Oie!!! Desculpem a demora e obrigada por lerem até aqui! Esse capítulo da história serve basicamente para mostrar que a Rin também pode ser tão idiota quanto o Sesshoumaru.

EXPLICAÇÃO: Vocês vão ver que duas pessoas mencionam interrupção da gravidez neste capítulo, isso acontece porque no Japão isso está totalmente dentro da lei desde 1948, no entanto, nossa Rin é que não quis abrir mão de seus babies.

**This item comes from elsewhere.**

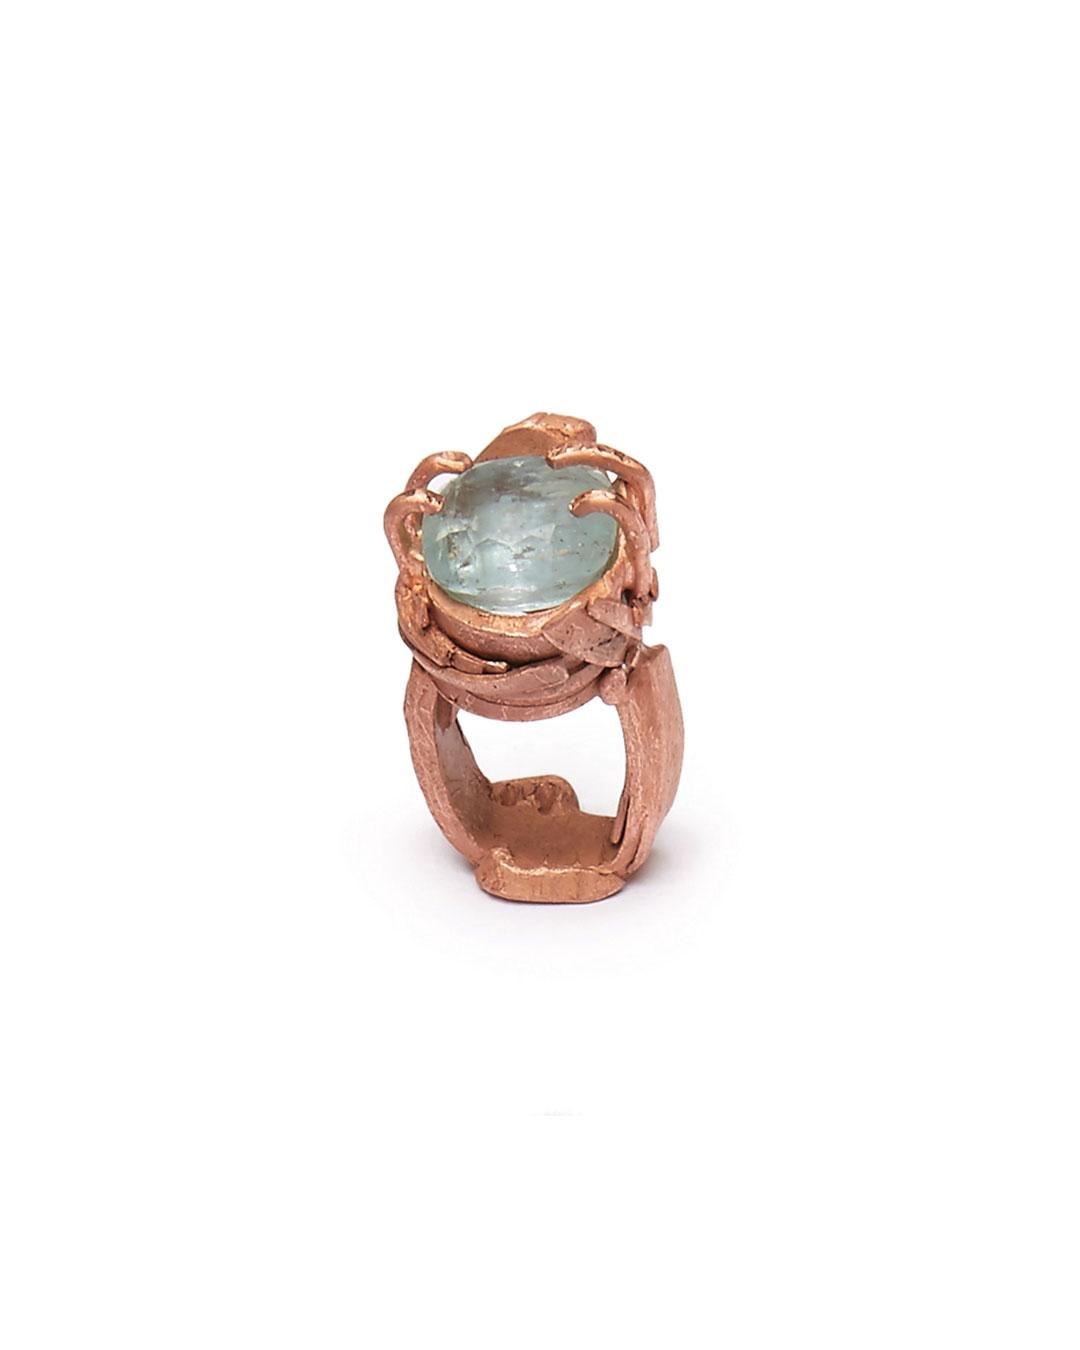 Iris Bodemer, Notizen (Notes), 2016, ring; bronze, aquamarine, 40 x 25 x 25 mm, €1250
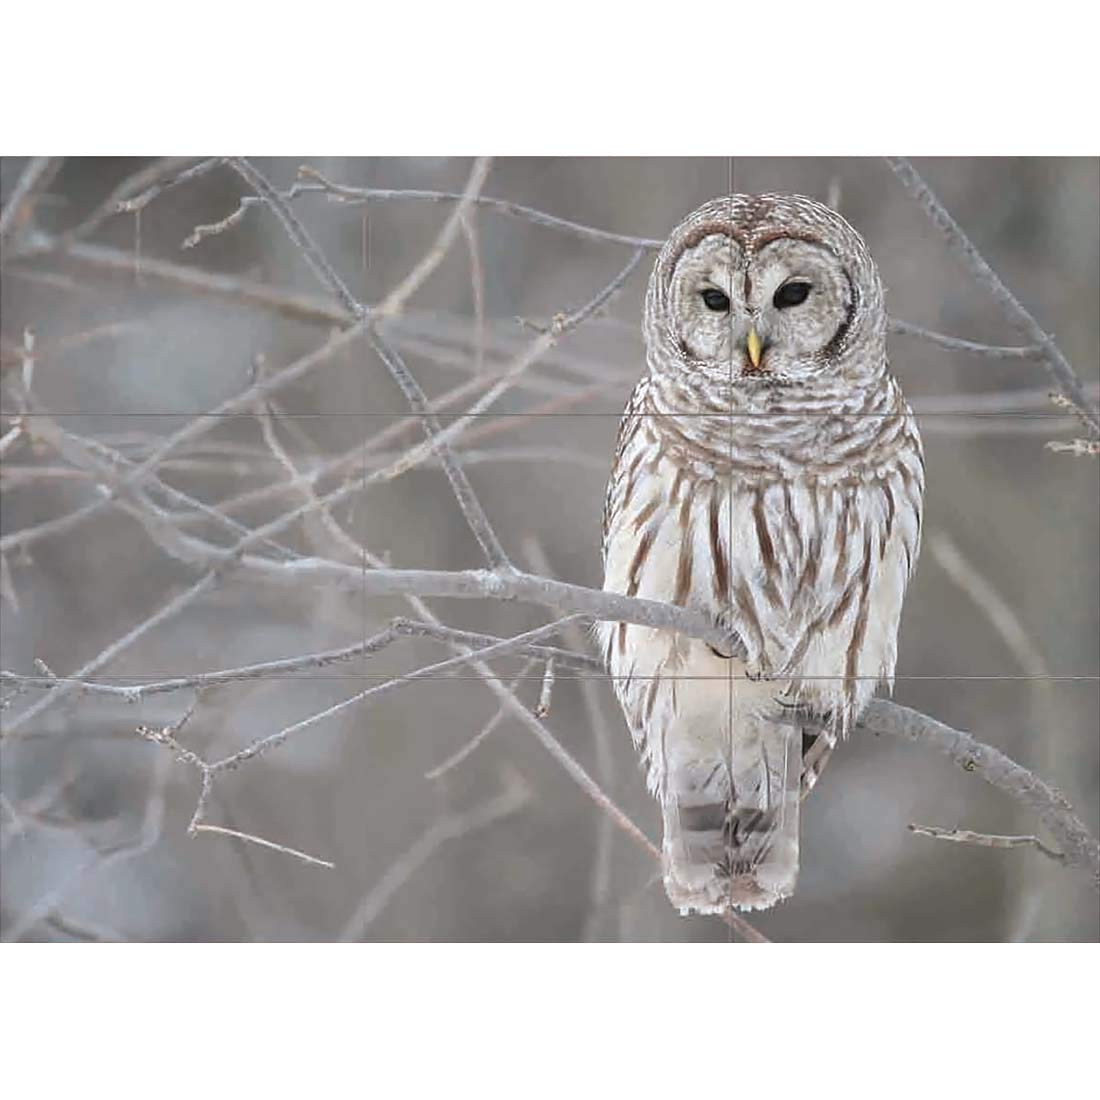 Snowy Owl Wildlife Large Wall Art Poster Print

Capítulo 23 - Quer morar comigo?


Sesshoumaru POV:

Rin estava terminando o primeiro trimestre da gravidez e teve mais uma consulta com a Dra. Serizawa. Dessa vez, eu pude acompanhá-la sem problemas. Estranhamente, Chiharu havia ficado quieta depois daquela tarde em meu escritório. Desde então, tínhamos nos visto em três ocasiões diferentes, todas a trabalho, e ela no máximo havia me tratado com uma aparente indiferença, arruinada por aquele olhar de quem na verdade estava pronta para montar em mim. Um comportamento até muito normal da parte dela. Portanto, Rin e eu estávamos vivendo alguns dias de paz.

Nós dois paramos para um café - descafeinado para Rin - e conversávamos sobre a consulta daquela tarde.

- Então, a Dra. Serizawa disse que as náuseas devem diminuir bastante nesse estágio da gravidez. – comentei

- Ainda bem! Não aguento mais me sentir tão fraca e está atrapalhando os meus estudos e o meu trabalho, não consigo fazer nada!

- Talvez seja um bom momento da gravidez para organizar sua mudança. Quando se sentir mais disposta, é claro. - disse eu

- Como é? - ela rebateu imediatamente

- Não é óbvio? Você não pode morar no seu quarto com os bebês, é melhor você se mudar para minha casa o quanto antes. 

- Não, obrigada. - ela interrompeu

- "Não, obrigada"? É só isso que tem pra dizer?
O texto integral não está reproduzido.